Our relations with China aren’t going well, to say the least. Partially, it’s because of the People’s Republic of China (PRC)’s initial handling of the coronavirus pandemic, but now they’ve also criminalized dissent in Hong Kong and their abuse of the Uighur population has come to light.
Obviously, we have to have a correct response to the atrocities committed by the PRC.
However, many proposed solutions are motivated just as much by opposition to trade in general as they are by opposition to the PRC’s human-rights violations. But there’s a reason we’ve relied on trade with China for so long.
The economic connections between the United States and China run deep, yet there are ways to ease America into a place of less dependence on the PRC—without throwing economics to the wind.
Supply Chains and Trade: Diversion, Not Protectionism
At the beginning of the pandemic, shortages in personal protective equipment (PPE) led to a push to “repatriate” the supply chain, first for PPE, and then goods more generally. The argument for supply chain repatriation is based on faulty assumptions that global supply chains are less safe than domestic ones. Bringing supply chains out of China does not, and should not, mean making supply chains fully domestic.

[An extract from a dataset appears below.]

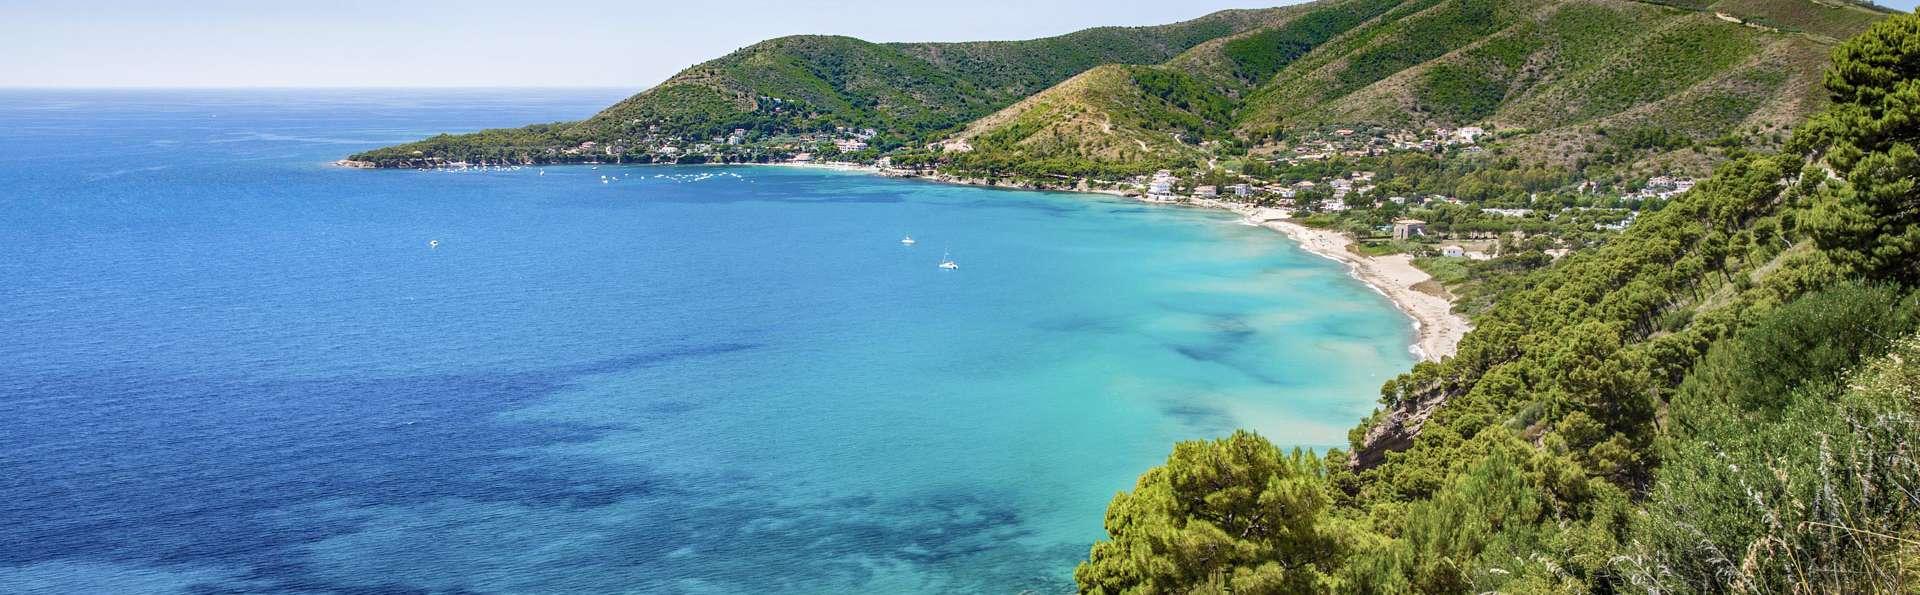 Vignadonica Resort - EDIT_SALERNO_03.jpg

Recent evidence suggests domestic supply chains aren’t actually more resilient than global supply chains. If the United States produces the vast majority of a good it consumes, and the U.S. economy gets disrupted, then that’s a problem. But if the United States produces some of the goods domestically and imports some from several different countries, then the risk is diversified. It’s less likely that a single event (natural disasters, war, or a pandemic) will disrupt all suppliers. And in the case of such an event, it’s much more effective to keep emergency stockpiles, as Switzerland does, rather than have an entirely domestic supply chain.

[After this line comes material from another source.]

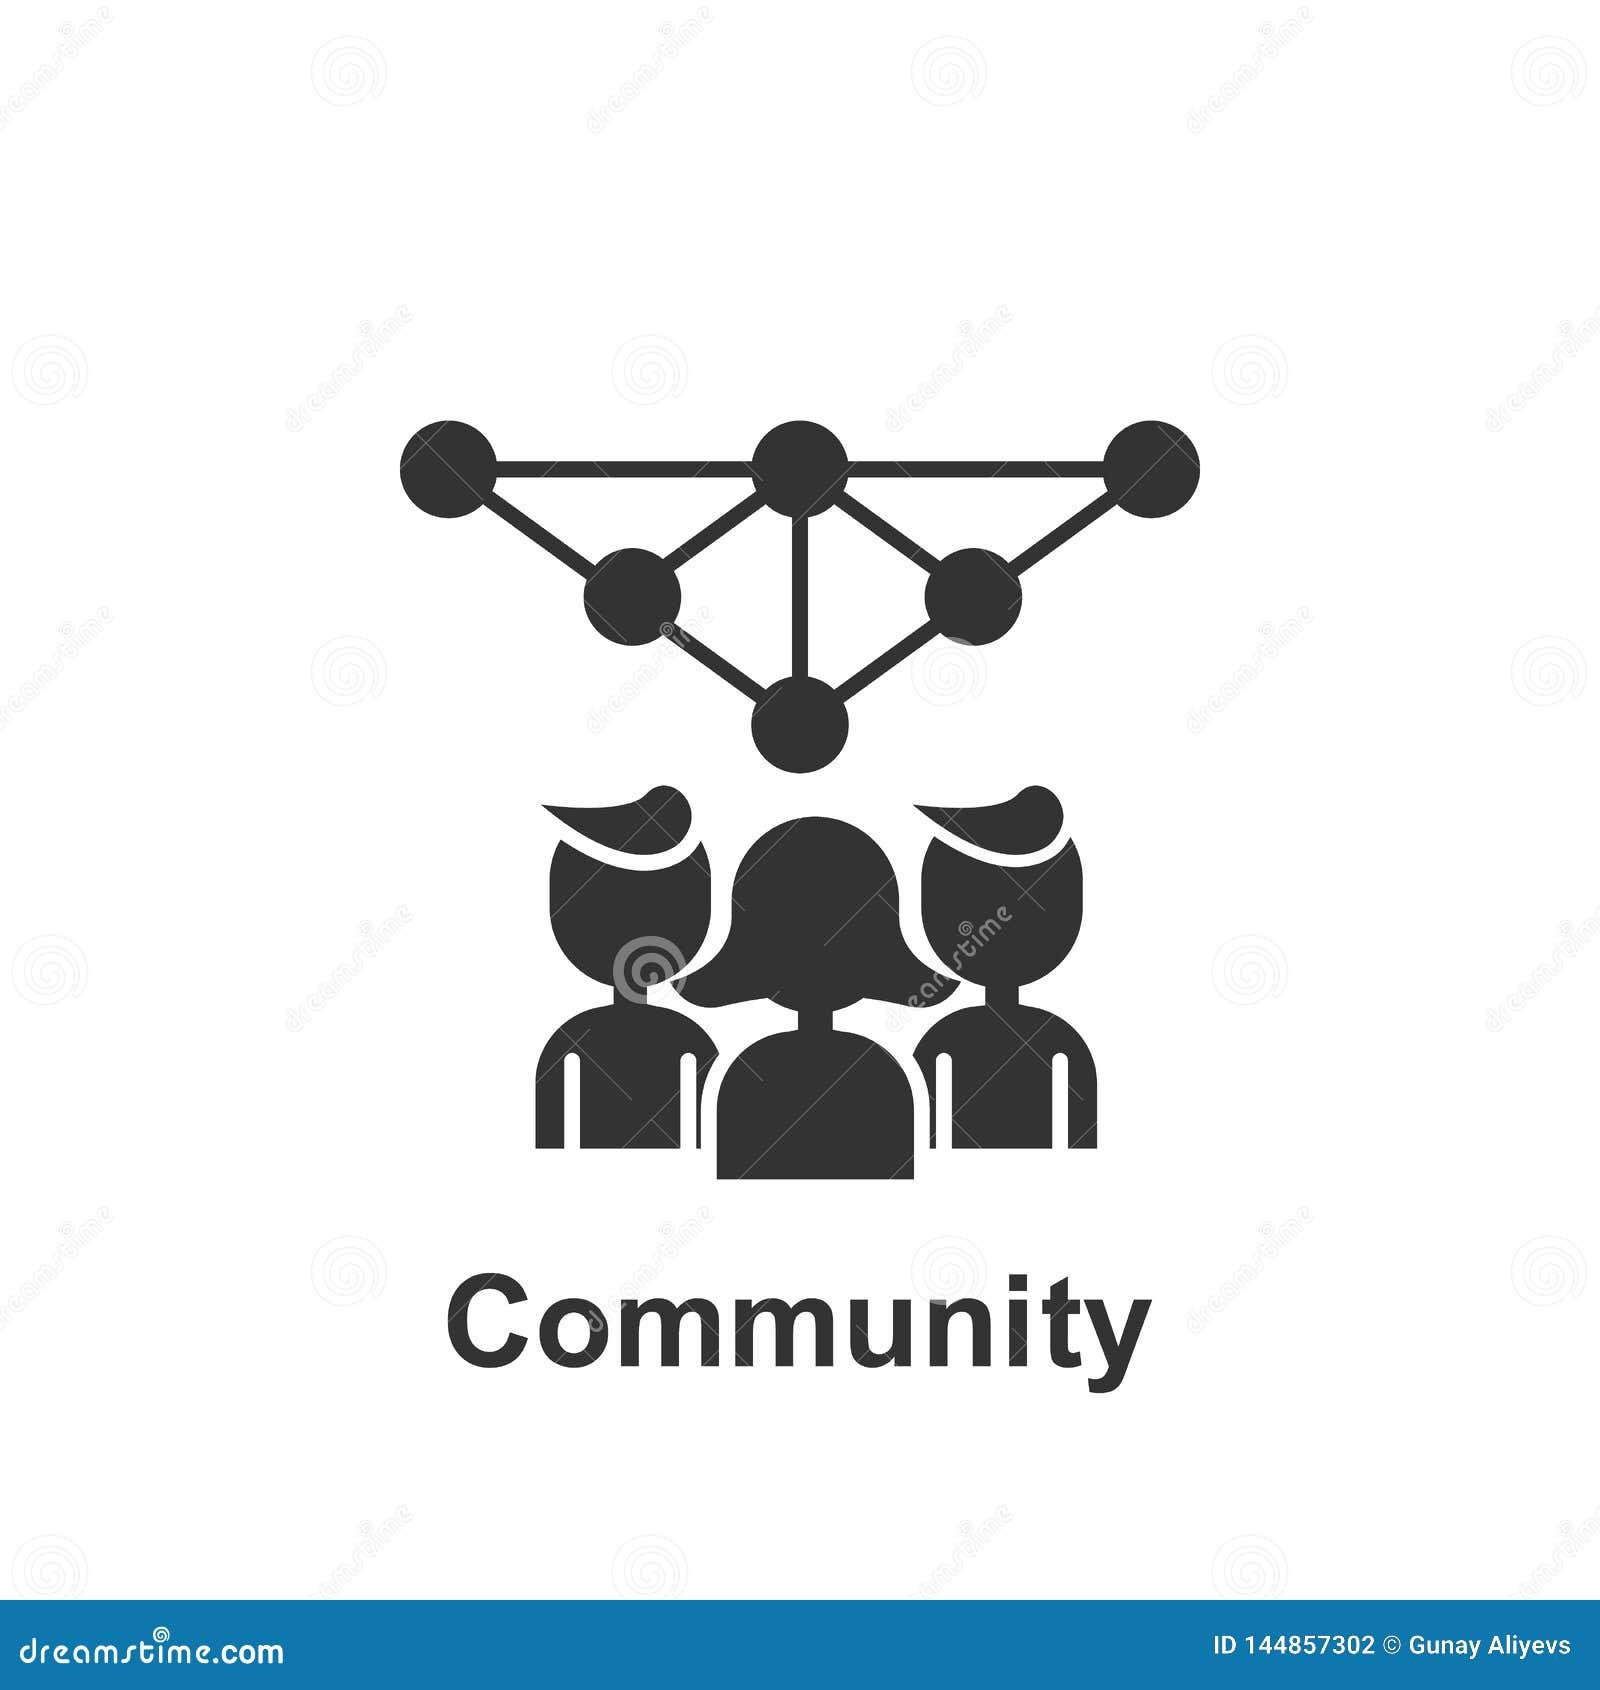 Online marketing, community icon. Element of online marketing icon. Premium quality graphic design icon. Signs and symbols

Trade helps Americans, by lowering prices of products for American consumers and inputs for American businesses. In contrast, protectionism costs more American jobs than it saves. Americans have paid the price of the trade war with China, but one of the consequences of the trade war has been a diversion of imports from China to countries like Taiwan and Vietnam. Re-forming the Trans-Pacific Partnership (TPP) would make it easier to lower trade barriers with other Asian countries, enabling more diversion away from China and allowing for the reduction of tariffs on imports from countries like Taiwan to save American consumers some of the higher prices the trade war brought. Abandoning the TPP empowered China in the region, and we should reverse that as soon as possible.
Fix Taxes on Investment
There’s a better way to strengthen America’s productive capacity than trying to bring back specific jobs that have left: making it easier to invest in America, starting with the tax code. Under current law, companies have to deduct investments in commercial and residential structures over thirty-nine and 27.5 years, respectively. The 2017 tax cuts allowed companies to deduct investments in machinery and equipment immediately, but those provisions are scheduled to phase out in two years. This is a problem because future deductions are less valuable than present ones thanks to inflation and the time value of money.
Not allowing companies to deduct the full value of spending on these purchases raises the cost of projects, like a new factory or better equipment. That’s bad for workers, as a decline in investment means slower productivity growth and therefore slower wage growth. It also creates a bias against capital-intensive industries like manufacturing.
When the United States allowed companies to deduct investment faster, investment, productivity, and wages rose. China understands this. In the mid-2000s, they enacted a reform roughly equivalent to allowing a full write-off of an investment in the year that it’s made, and firms that benefited from this provision increased investment by 38.4 percent and productivity by 8.9 percent. America shouldn’t be left behind because of poor tax policy.
Beyond making the private sector more fair to investment, we should also consider improving how the federal government handles research and development. It makes sense to provide funding for scientific research, as innovation provides large spillover benefits to the country as a whole. Not only has the share of the federal budget’s funding devoted to scientific research declined, its approach to grantmaking is also flawed: A paper in Research Policy concluded that grants favored low-risk, low-reward research, sapping potential for major advancements. Increasing funding and rethinking grantmaking methodology are both economically sound ideas.
There’s a geopolitical aspect here, too. The former chair of Harvard’s chemistry department Charles Lieber was recently indicted for allegedly lying to the Department of Defense about accepting $1.5 million in research grants and over $200,000 a month in salary and living expenses from the Chinese government. As Daniel Teniero of National Review wrote upon Lieber being charged, the appeal of CCP money for American academics is the comparative lack of red tape. Researchers can spend up to 42 percent of their time complying with administrative tasks for American government grants instead of active work. Improving research grant approval processes would be good for both innovation and geopolitical strategy.
This is by no means an exhaustive list of economic policies to counter China, setting aside various forms of diplomatic and political pressure. But sound economic principles should and can help guide policy to combat China’s reach.